Derek Jeter was named Sports Illustrated Sportsman of the Year yesterday, and good for him. Jeter had a great year, he's captain of the World Series champ, etc. But SI editor Terry McDonell just had to go the extra step.
One of the problems I've had with sports media recently is that it's not good enough anymore to praise somebody, now people feel the need to one-up each other with absurd statements and honors. It's not enough to give Jeter the award because of his squeaky clean off-the-field record, his improved defensive play, his dynamite offensive year and because he's a surefire first ballot Hall-of-Famer. Here's a quote from McDonell.
"This verifies my idea that he is on the level of Ruth and Gehrig."
Um, nope. First of all, Gehrig isn't even on the same level as Ruth. The Yankees were not the Yankees before Ruth, and baseball wasn't baseball the way we know it before he began clouting. Ruth started all the Yankee winning and tradition, he was the first real slugger and he pretty much defined the term 'larger than life.' Here are the American athletes on the same level as Ruth in the last 100 years. Michael Jordan, Tiger Woods, Muhammad Ali, Jackie Robinson. That's it.

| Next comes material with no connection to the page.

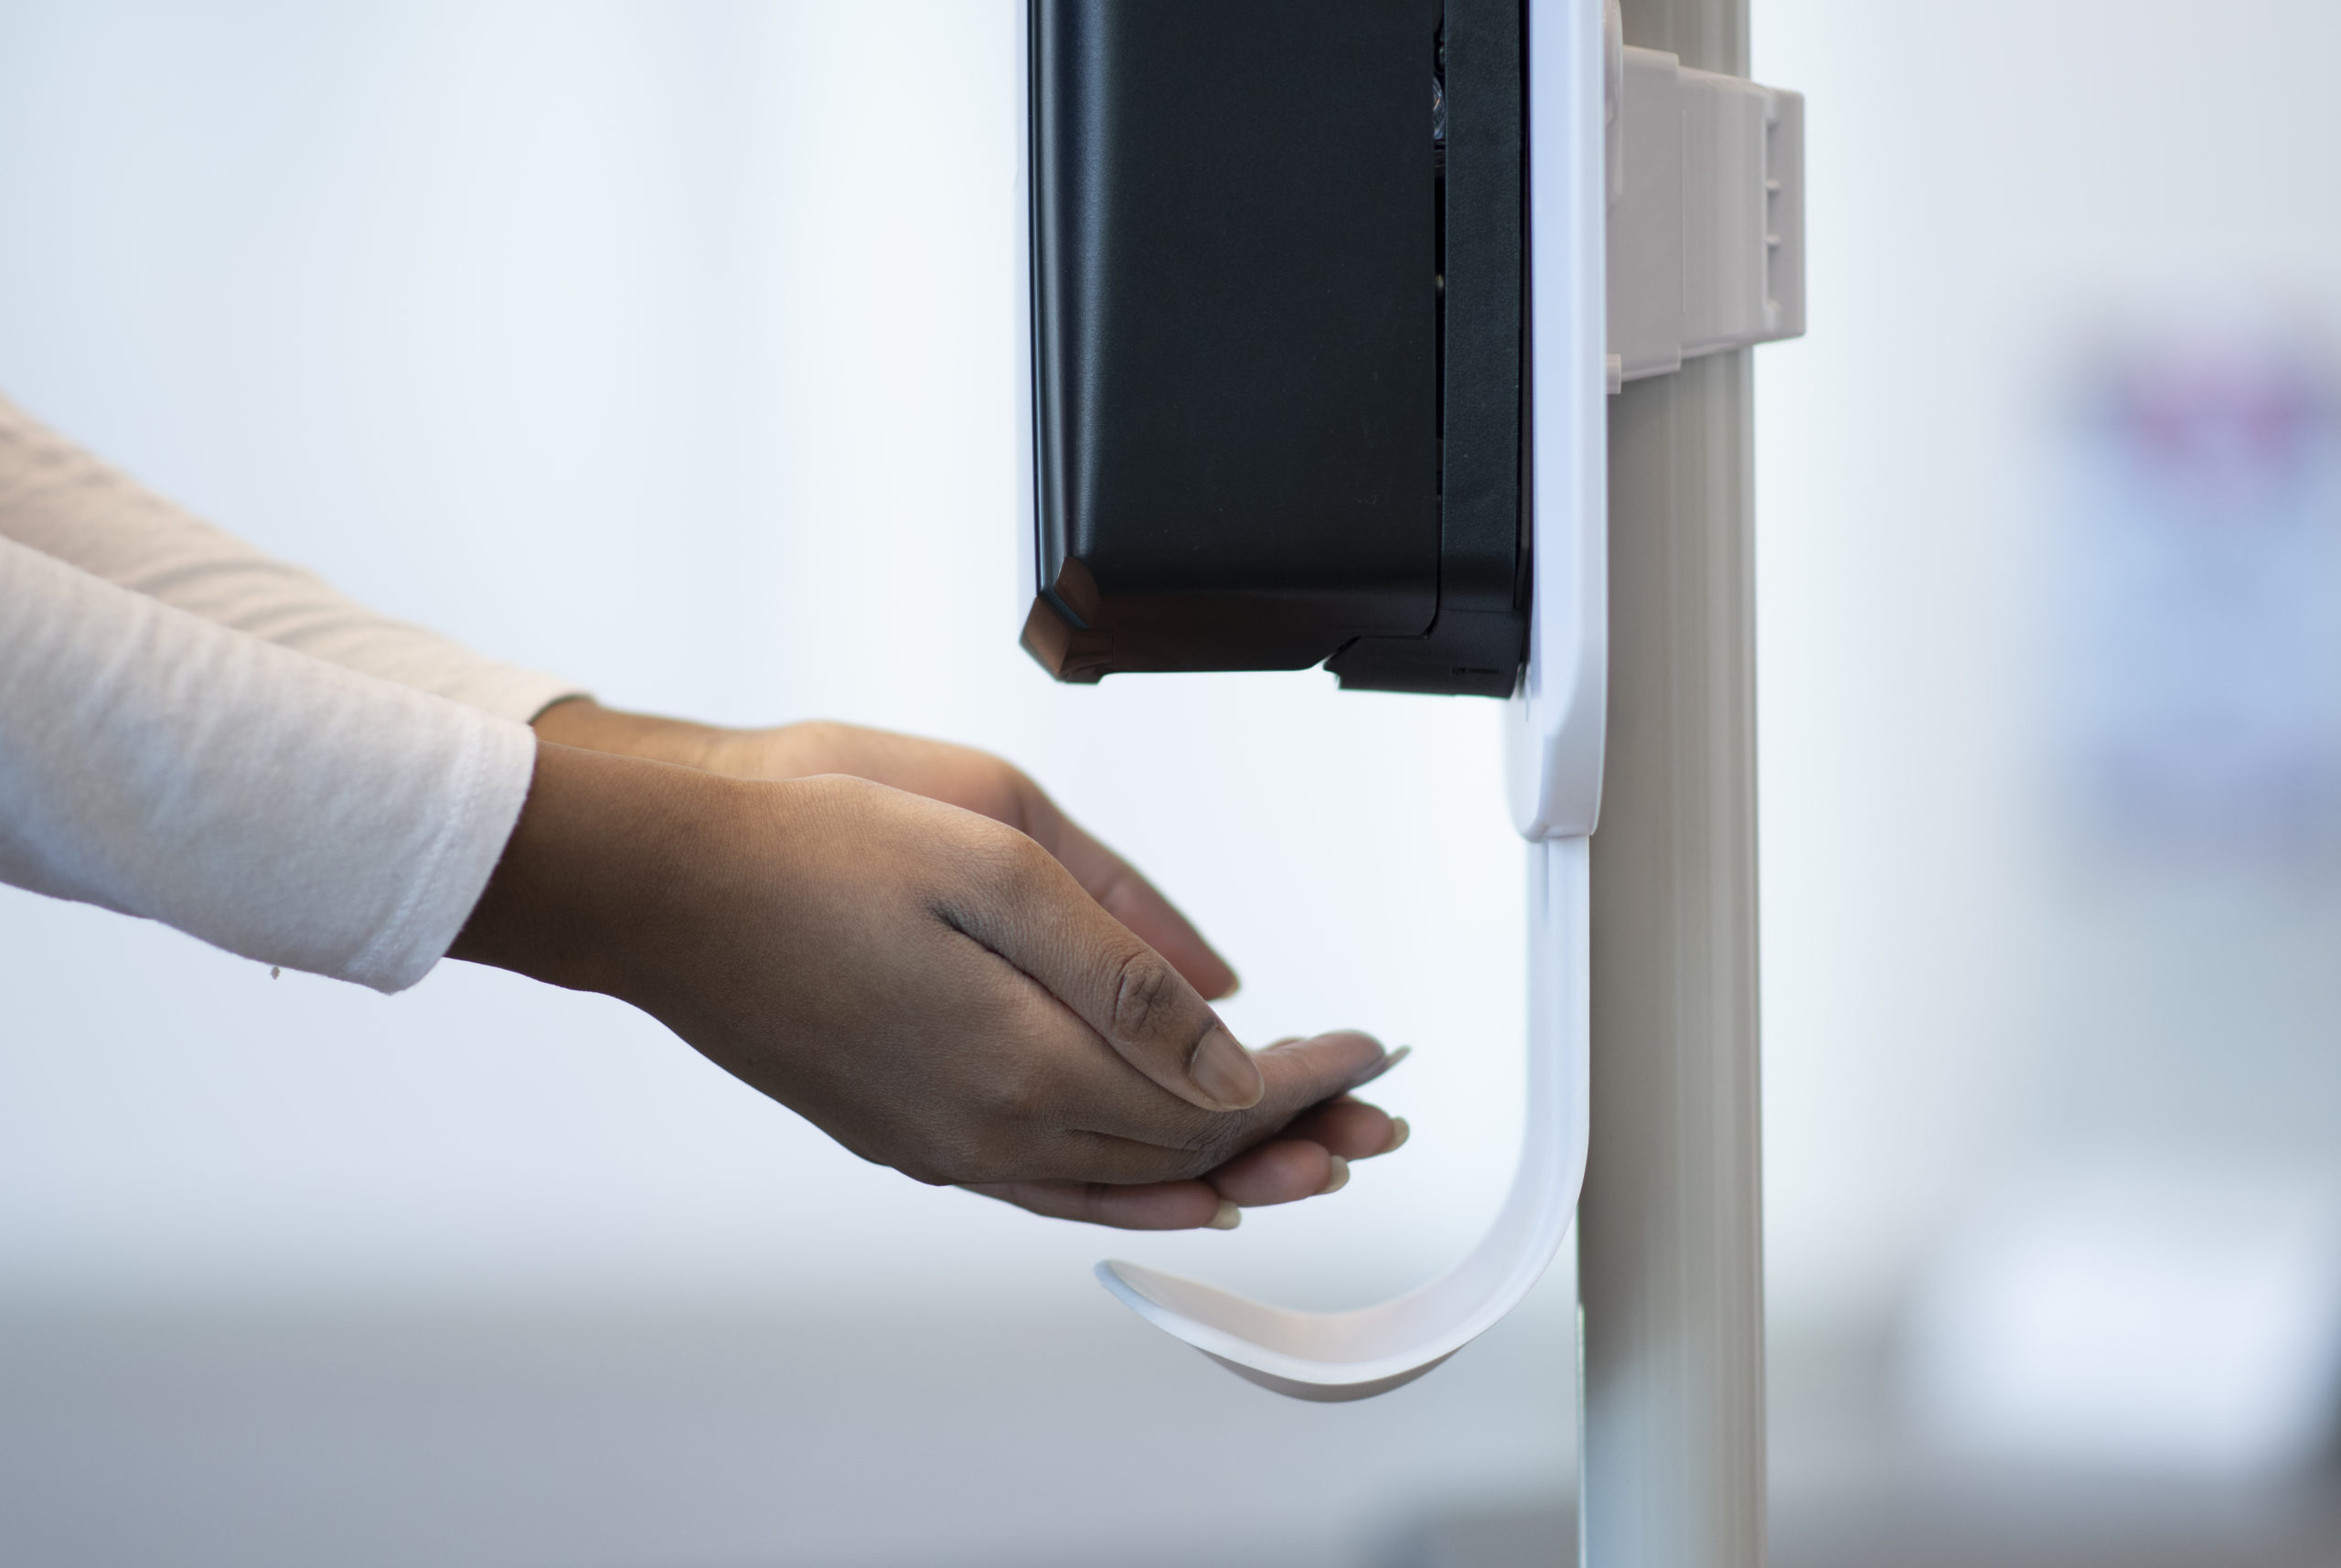 Female medical professional putting their hands under an automatic sanitizer dispenser at the hospital to ensure their hands are clean and germ free.
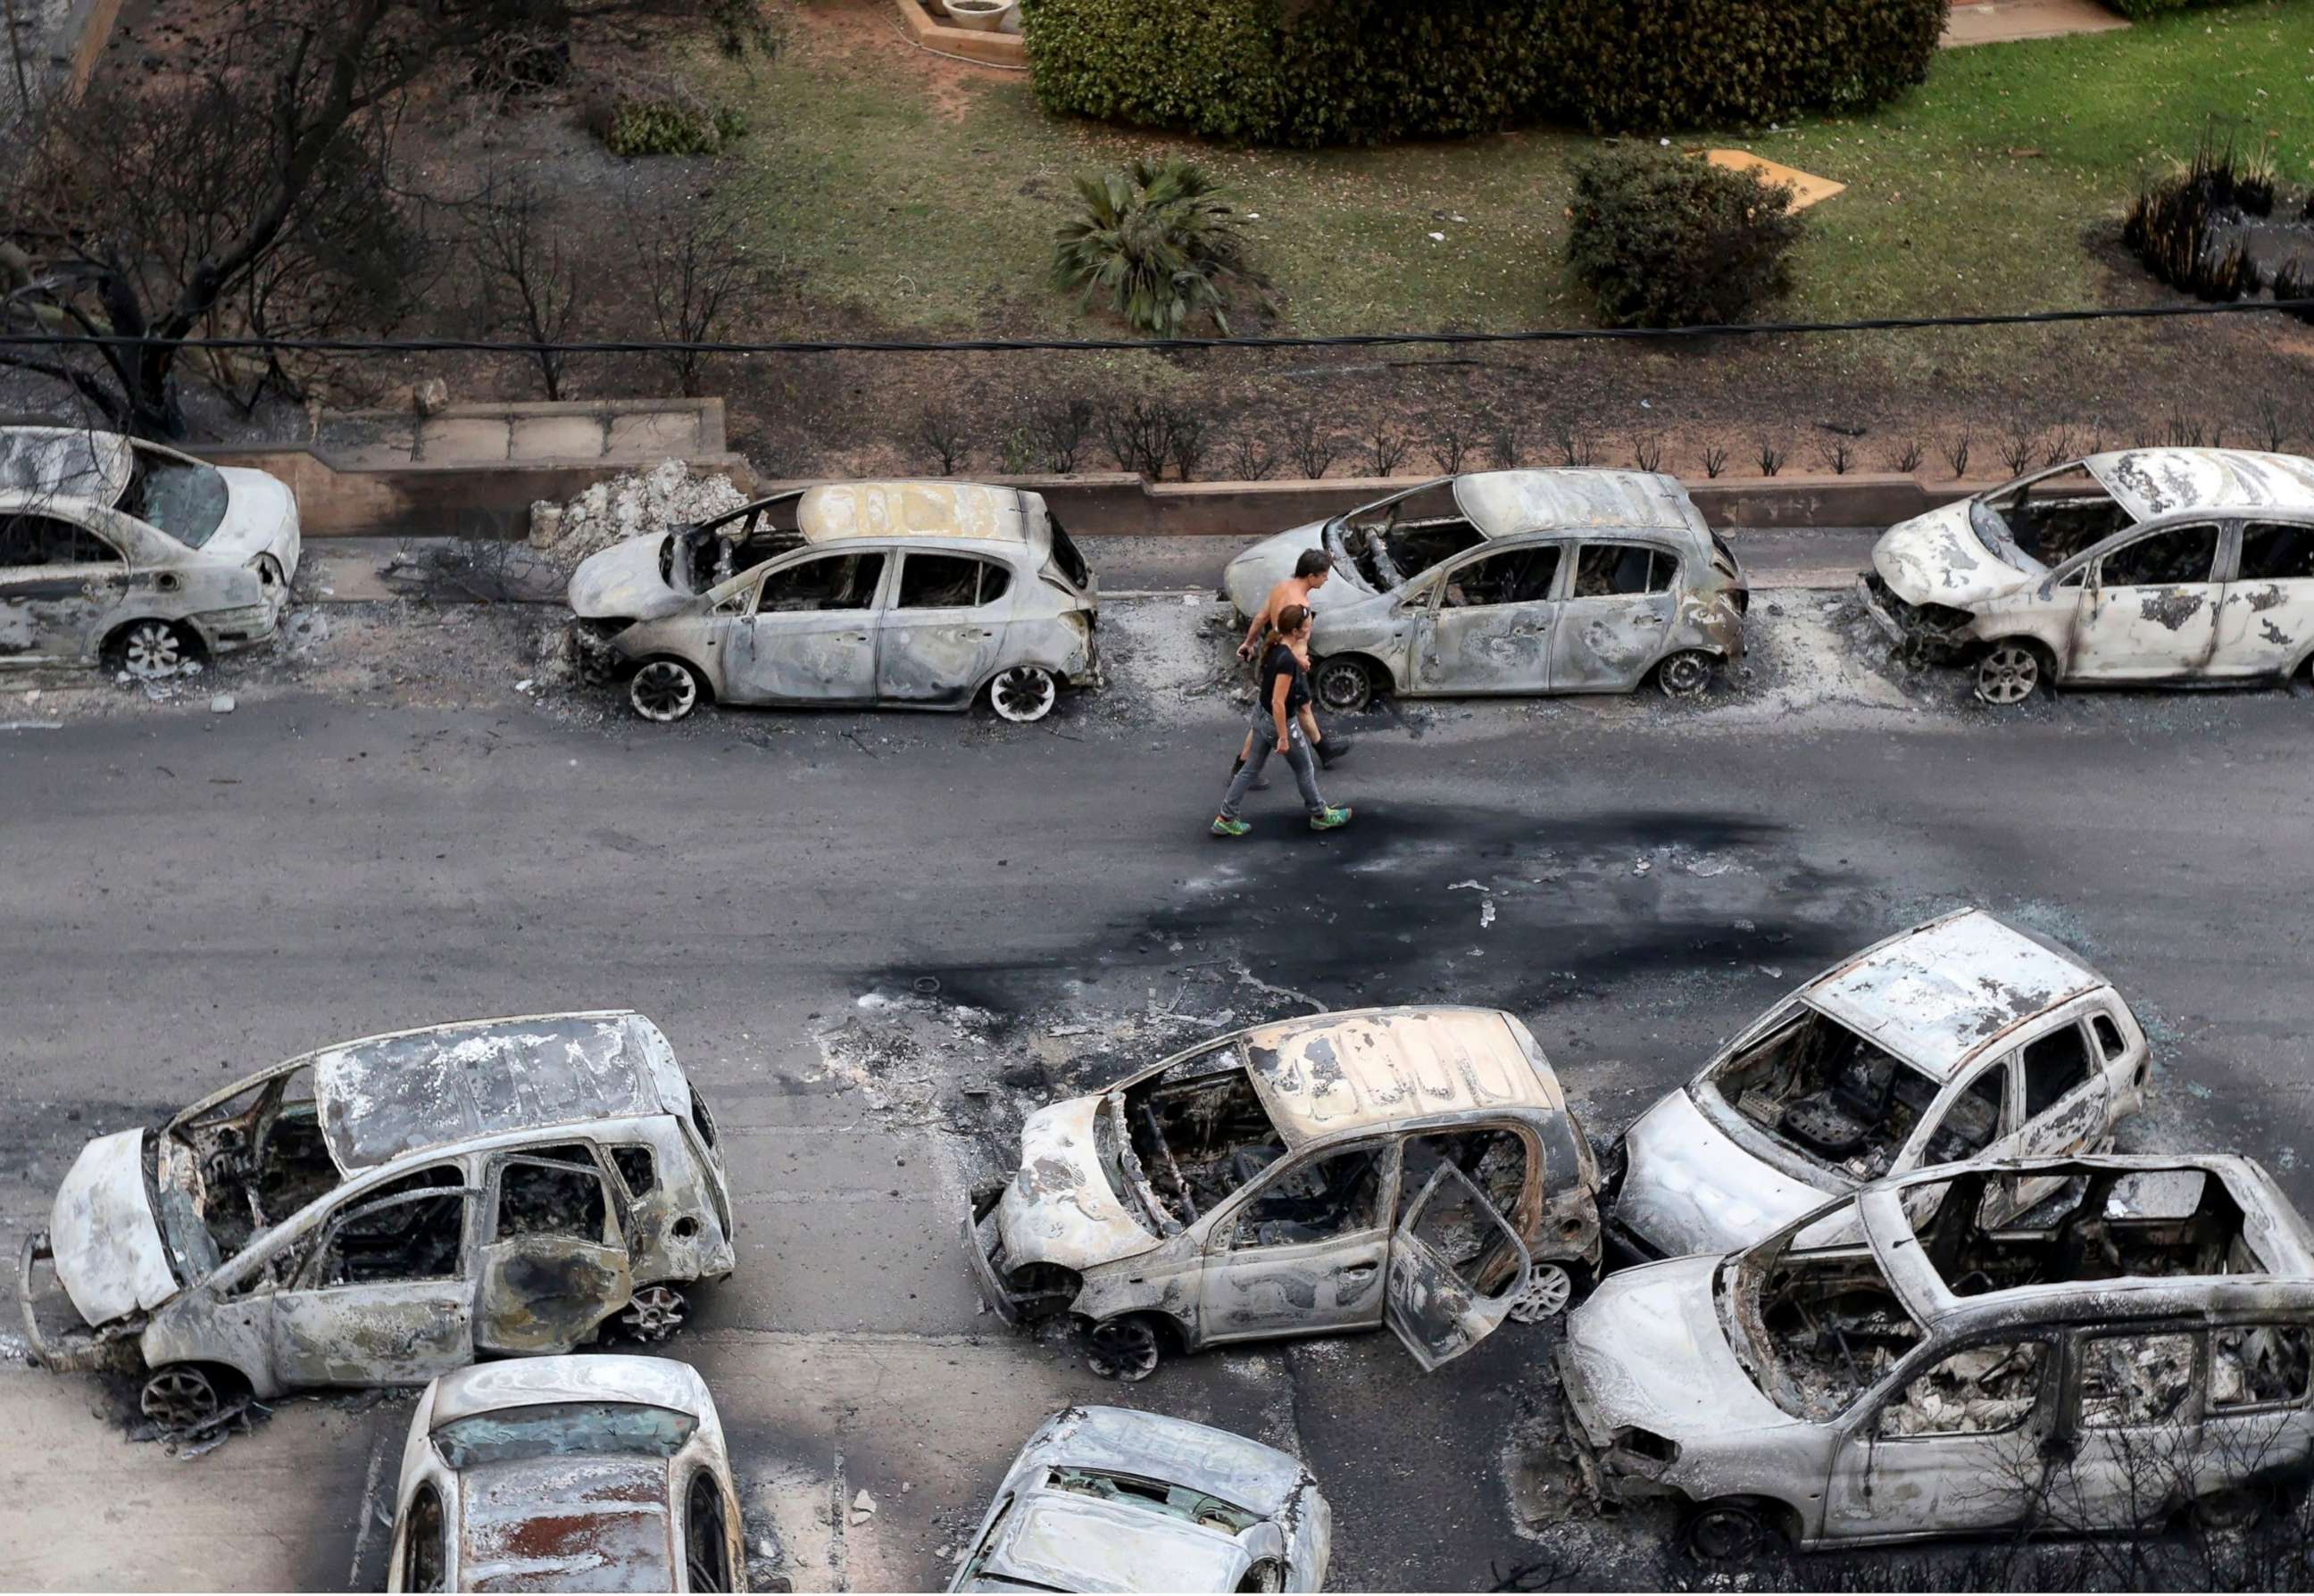 PHOTO: Dozens of cars destroyed by the blaze in the Mati area, Kokkino Limanaki  in Greece, July 24, 2018.

McDonell also called Jeter the greatest shortstop of all-time. This isn't as ridiculous a statement, but one could also argue that he's not even the best shortstop on his team. ARod played eight full years at short, and let's be honest, his career dwarfs Jeter's.
Let me be clear. I have NO PROBLEM with Jeter winning this award. No one else had a great enough year for me to debate it. But why can't giving him the award for all his good attributes and great accomplishments be enough?